As an example I looked on Radeon Pro WX 4100:
vs RX 570:
vs GTX 1080:
https://manatails.net/blog/2017/03/radeon-pro-wx-4100-review/
Specifically wire-frame performance is a sticking point.
WX4100 has FP64 performance of ~150 GFLOPS
RX 570 has ~300
GTX 1080 has ~250
So the FP64 argument goes out the window…
Some would say that “verified drivers”. But from what I can tell this essentially means no corner cutting when implementing a particular API (OpenCL for example). This usually means that all the corner-cases need to be handled correctly instead of doing something ‘kinda correct’ but enough for gaming. And there are rigorous validation tests for all those cases.
So that argument would mean something opposite: less performance, but more correctness.
Then I thought about silicon itself but for example Wx 4100 is a polaris 10 chip which is also used in RX 400 series consumer gpus.
But it’s possible that some silicon is just locked. But if that’s the case then what specifically is locked? It’s not like some parts of API are missing.
If the wire-frame performance is so good then which API calls are faster?

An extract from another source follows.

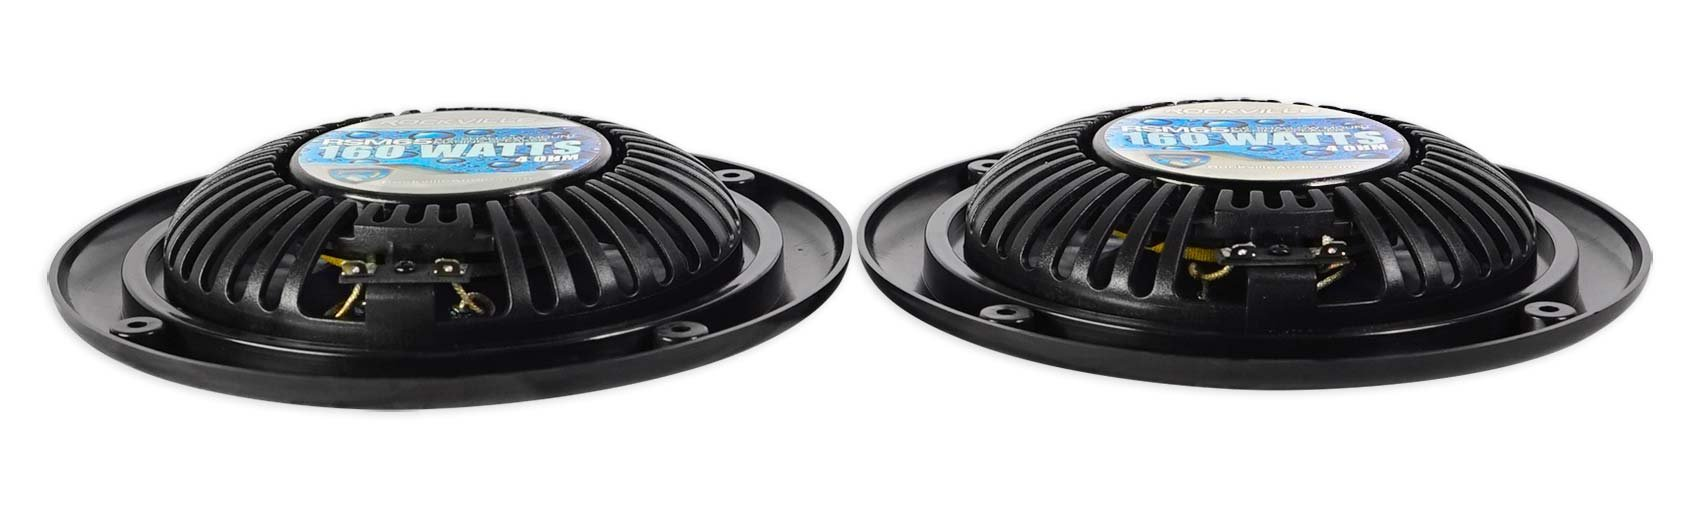 2 Rockville RSM65B 6.5'' 320w Waterproof Shallow Slim Speakers 4 RZR/ATV/UTV/Cart by Rockville (Image #6)
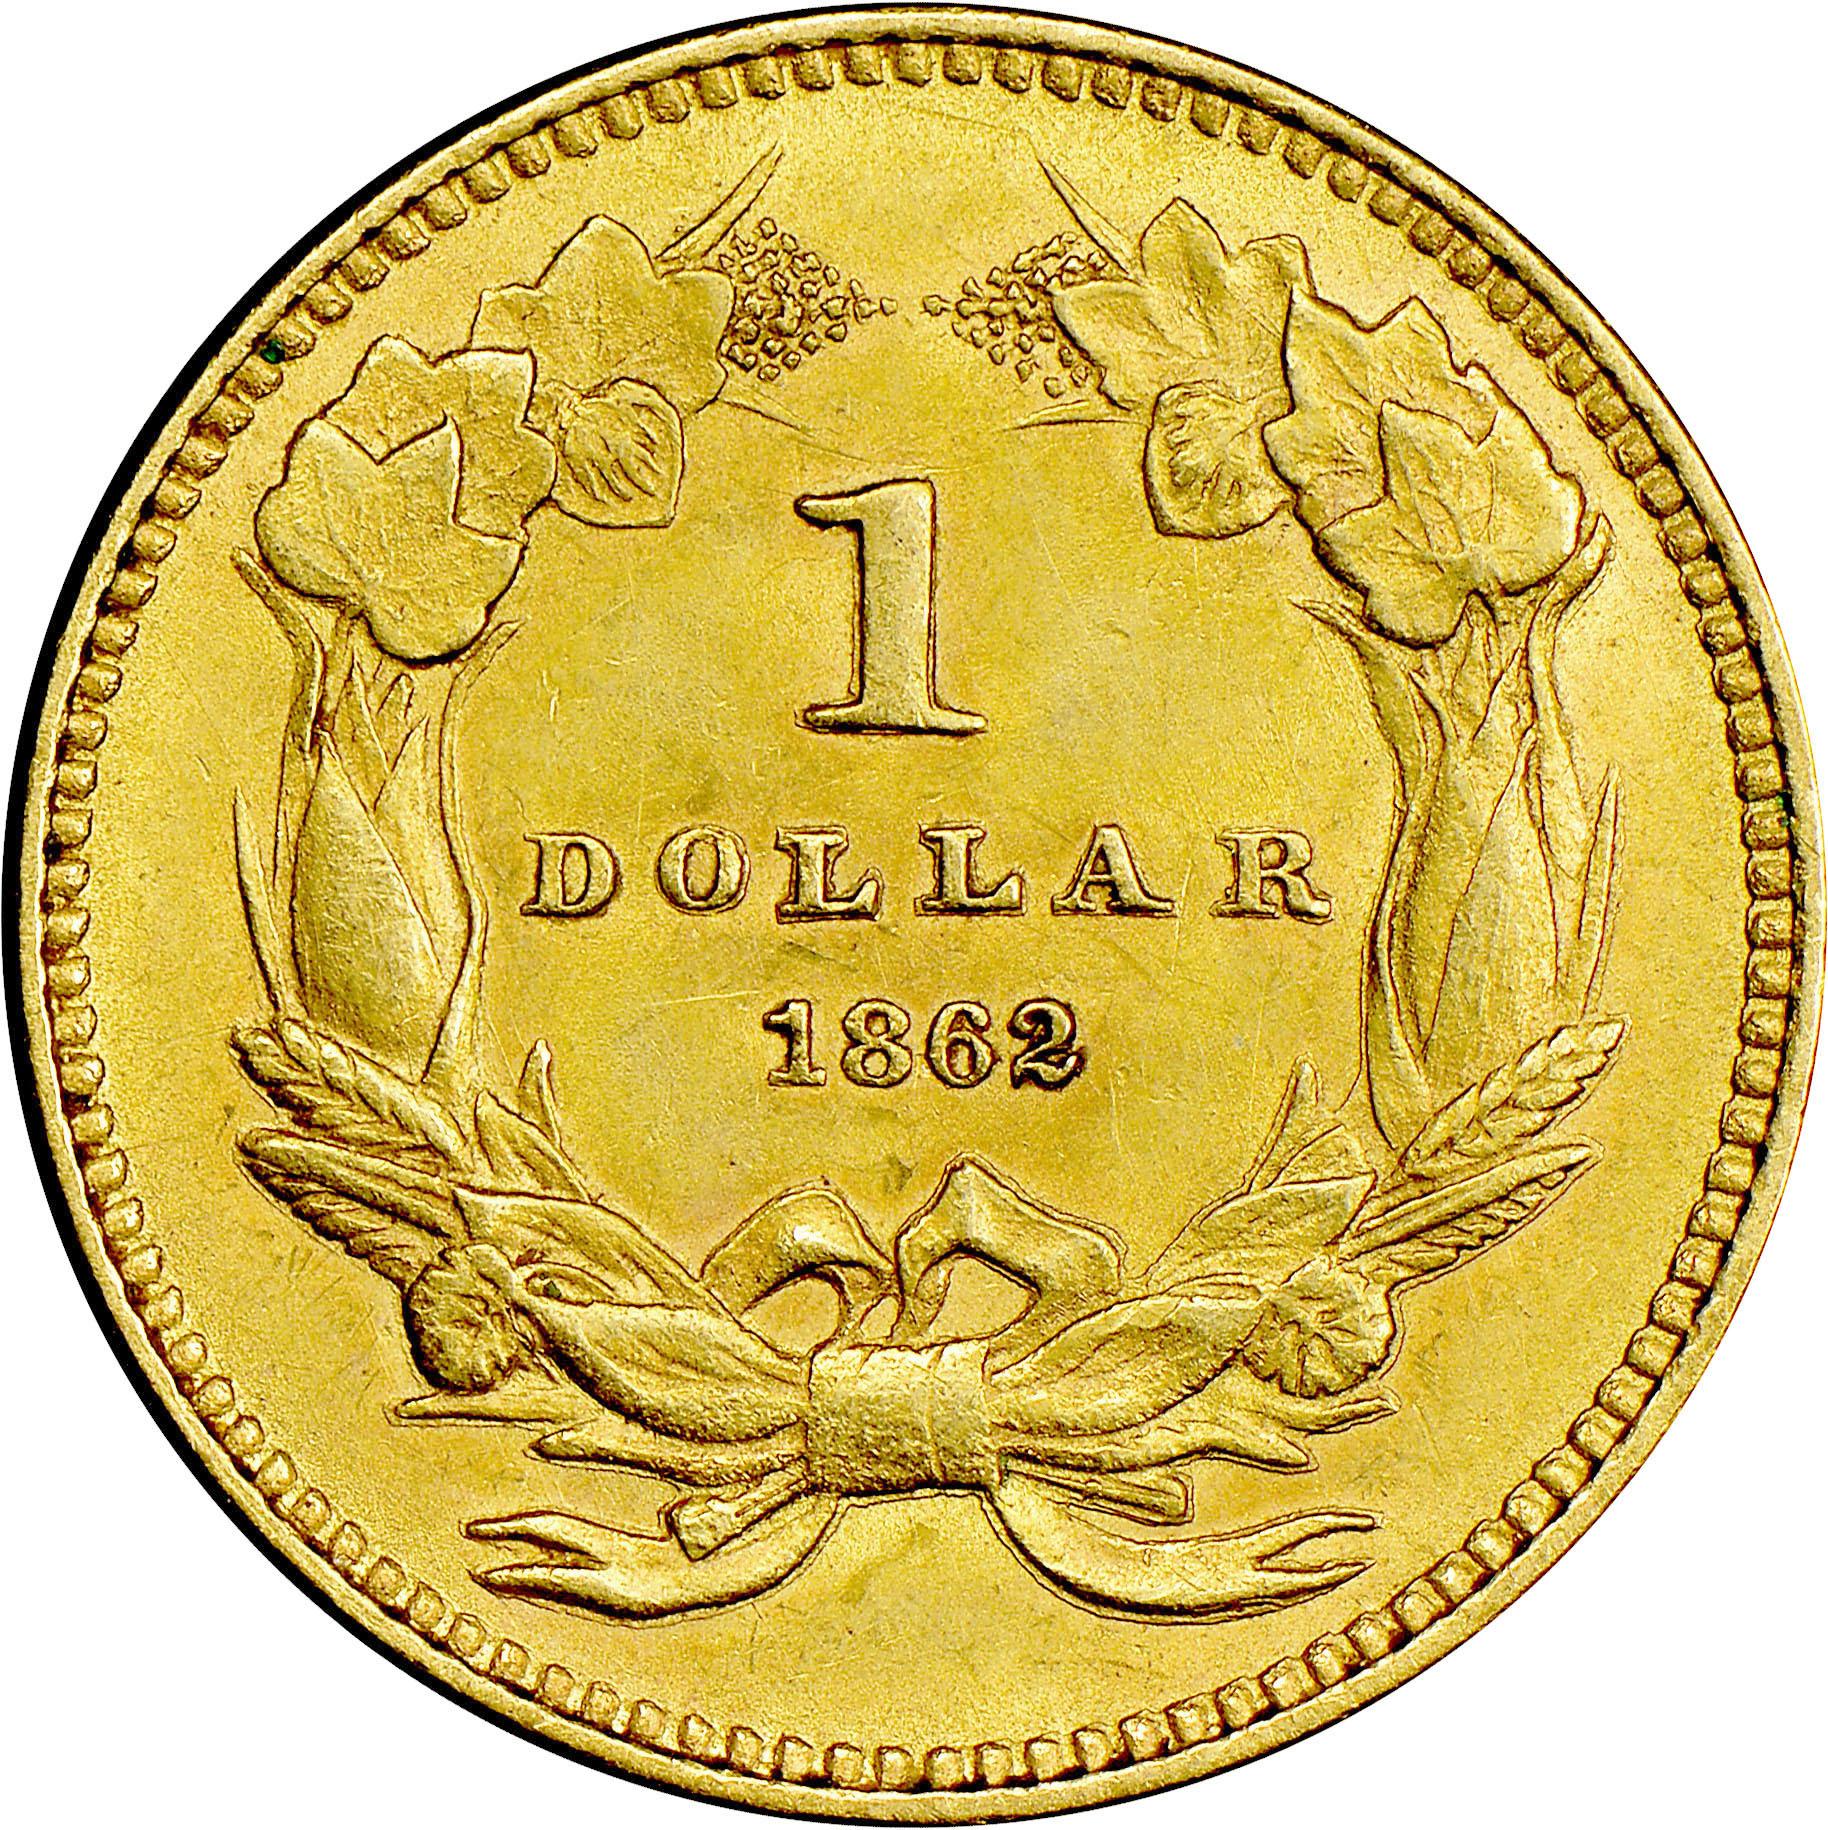 1862 G 1 Ms Gold Dollars Ngc

Under what circumstances?
The only detailed info I could find about actual AMD performance tuning are here: Developer Guides, Manuals & ISA Documents - AMD
but that’s mostly focused on CPUs, and didn’t really help with my original question.
TL;DR
Do any of you have any Idea why something like wire-frames would be so much faster on “pro” cards?
And If I wanted to develop my own programs that would target “pro” cards, which API calls / instructions specifically would be faster?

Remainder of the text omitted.